* _GIVEN DATA_
____________________
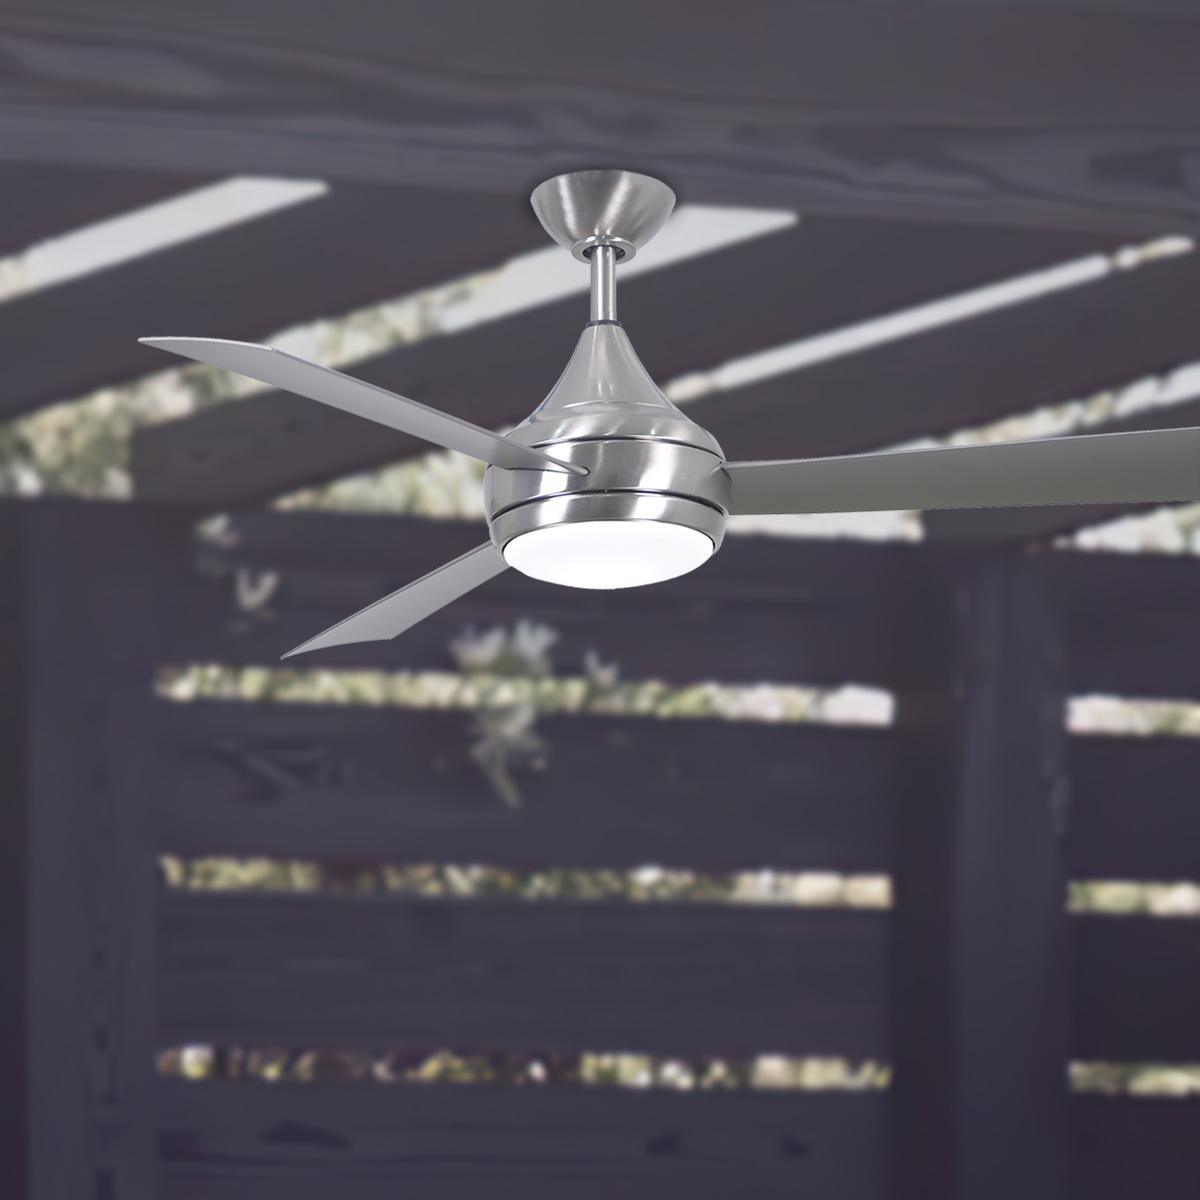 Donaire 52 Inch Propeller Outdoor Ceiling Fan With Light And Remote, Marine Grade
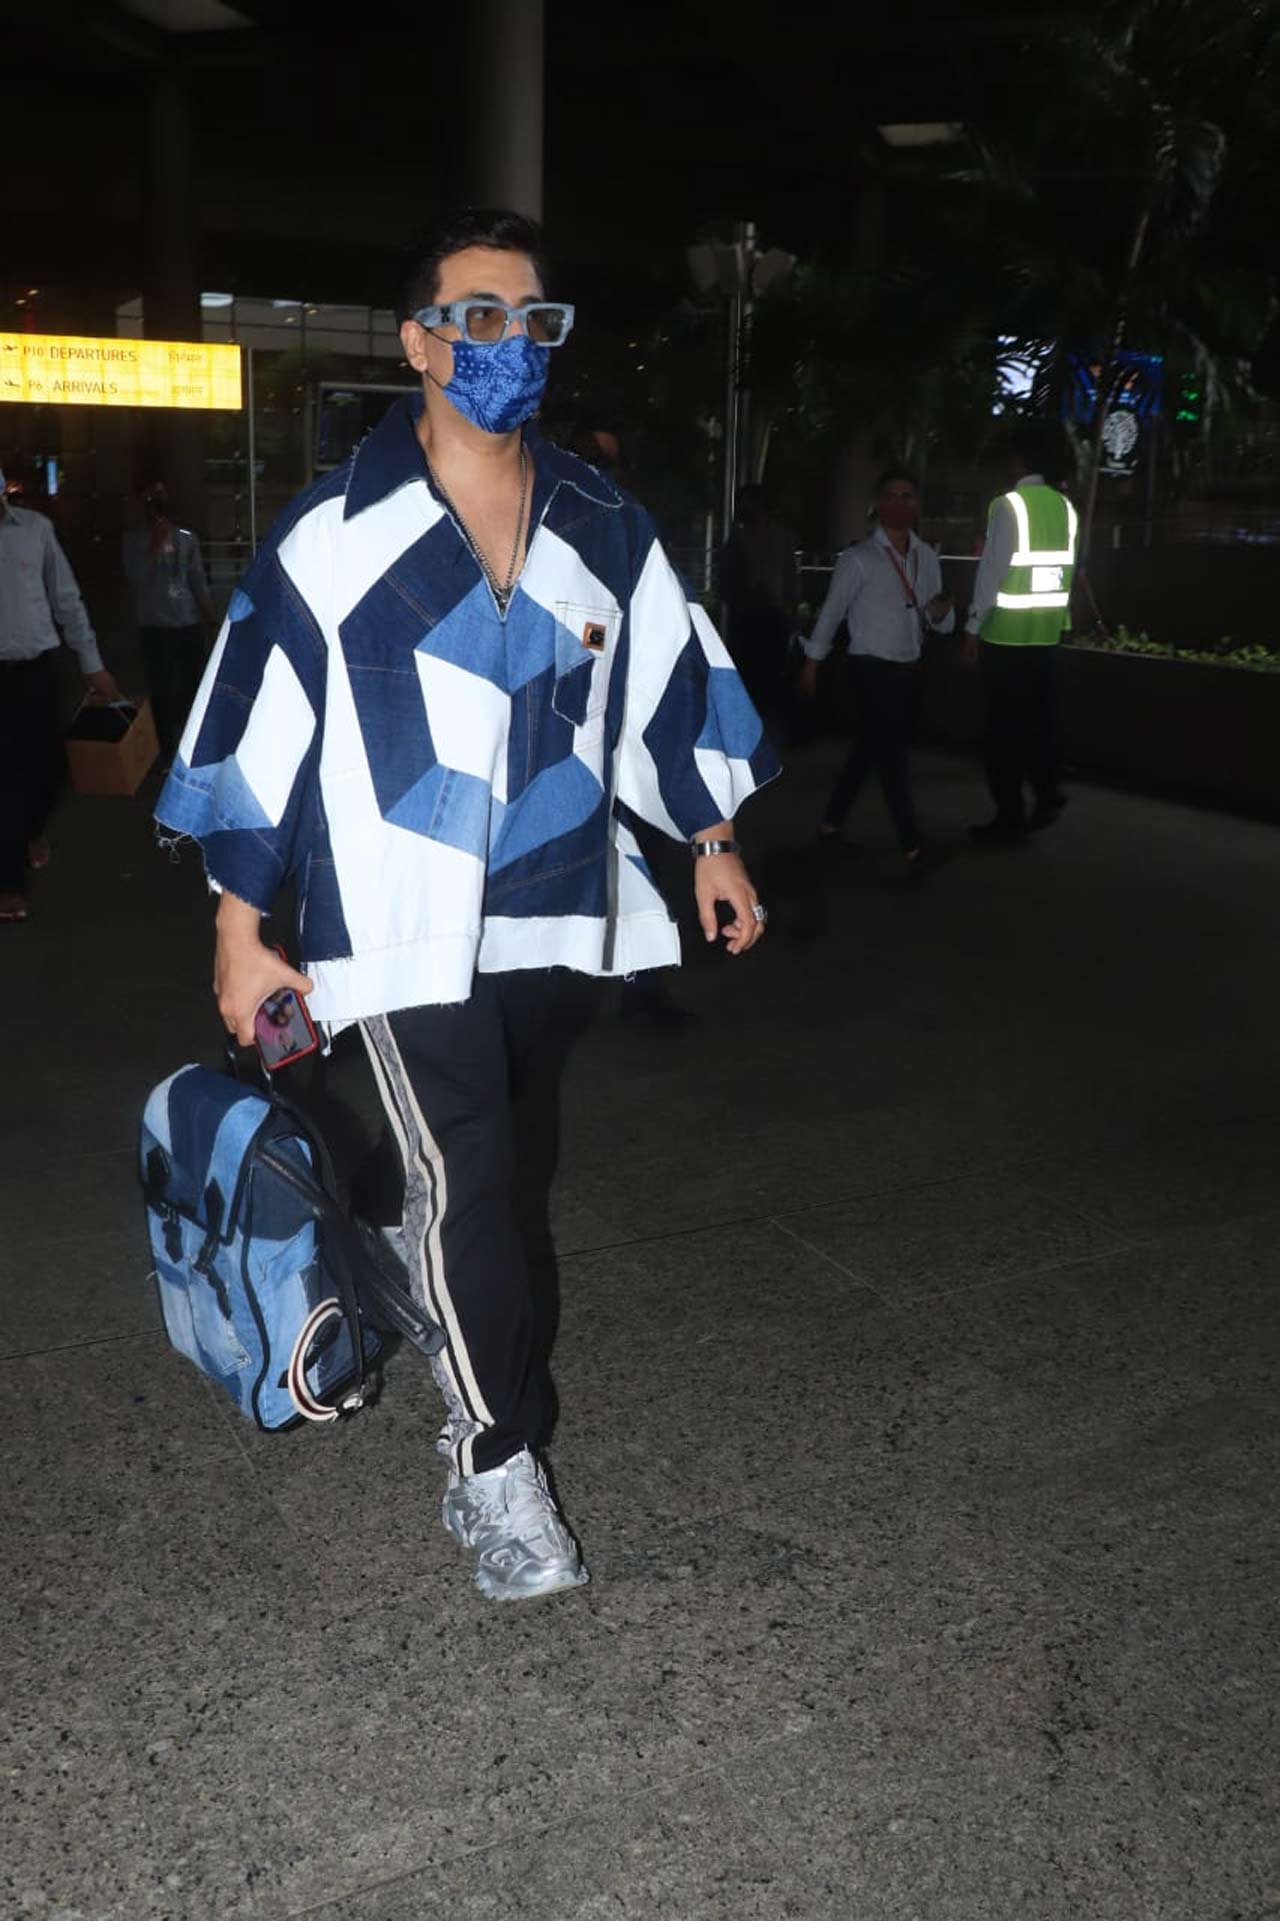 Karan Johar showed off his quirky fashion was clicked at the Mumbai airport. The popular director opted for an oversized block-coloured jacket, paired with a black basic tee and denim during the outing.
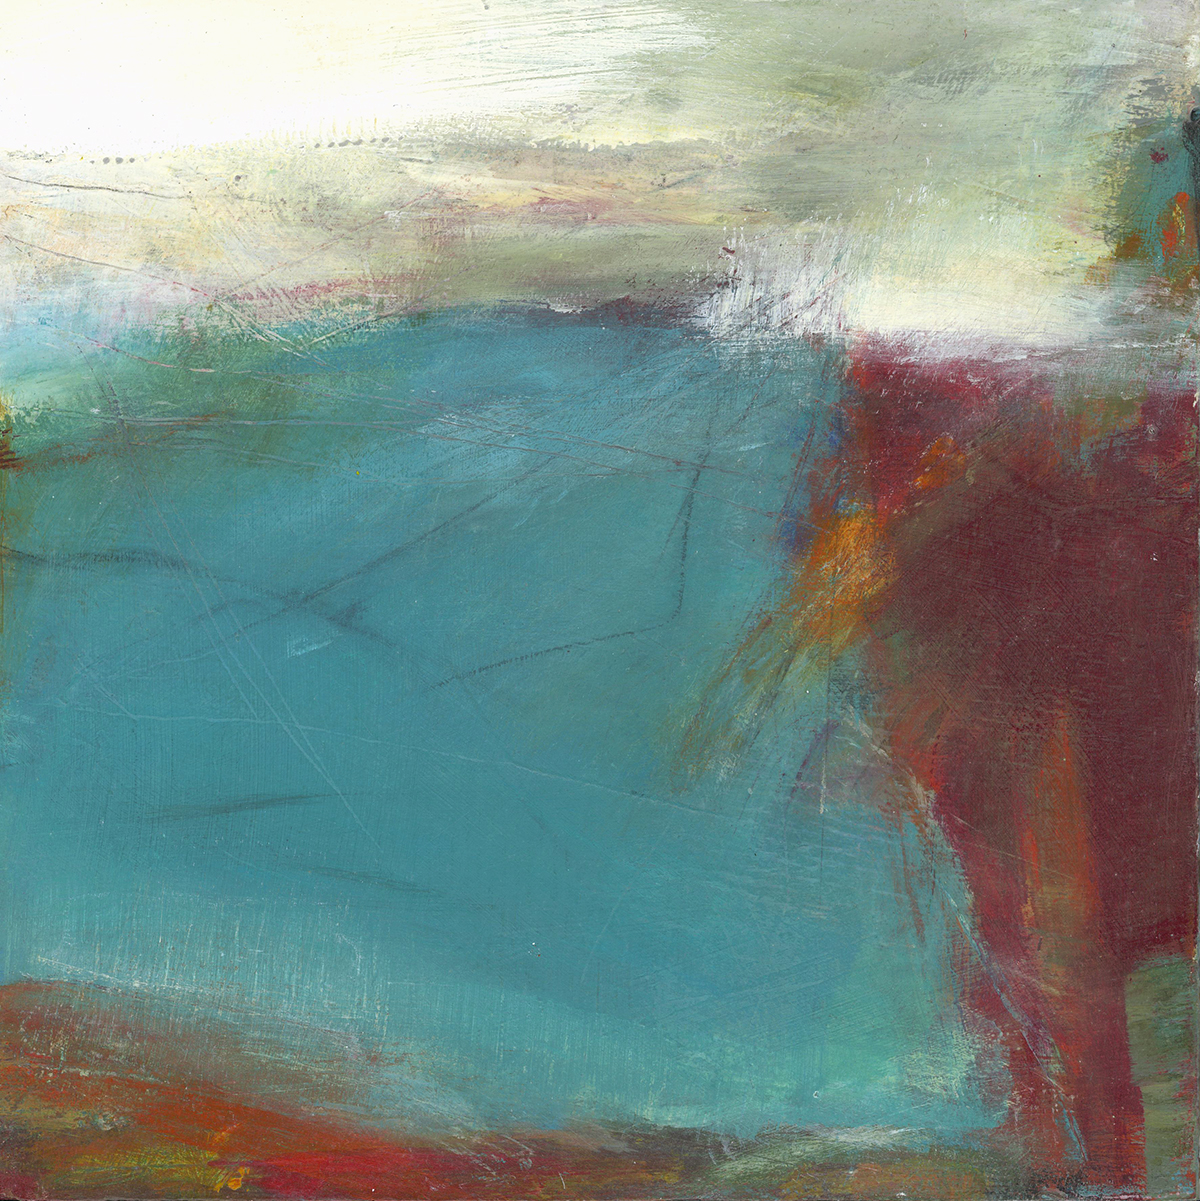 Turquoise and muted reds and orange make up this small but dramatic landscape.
____________________
* _WHAT THE TASK ASKS_
From the line containing "Karan Johar showed" down to the final line of the material, restate every line word for word, and only those; drop the pictures.

* _COMPLETED EXERCISE_
 Karan Johar showed off his quirky fashion was clicked at the Mumbai airport. The popular director opted for an oversized block-coloured jacket, paired with a black basic tee and denim during the outing.
 Turquoise and muted reds and orange make up this small but dramatic landscape.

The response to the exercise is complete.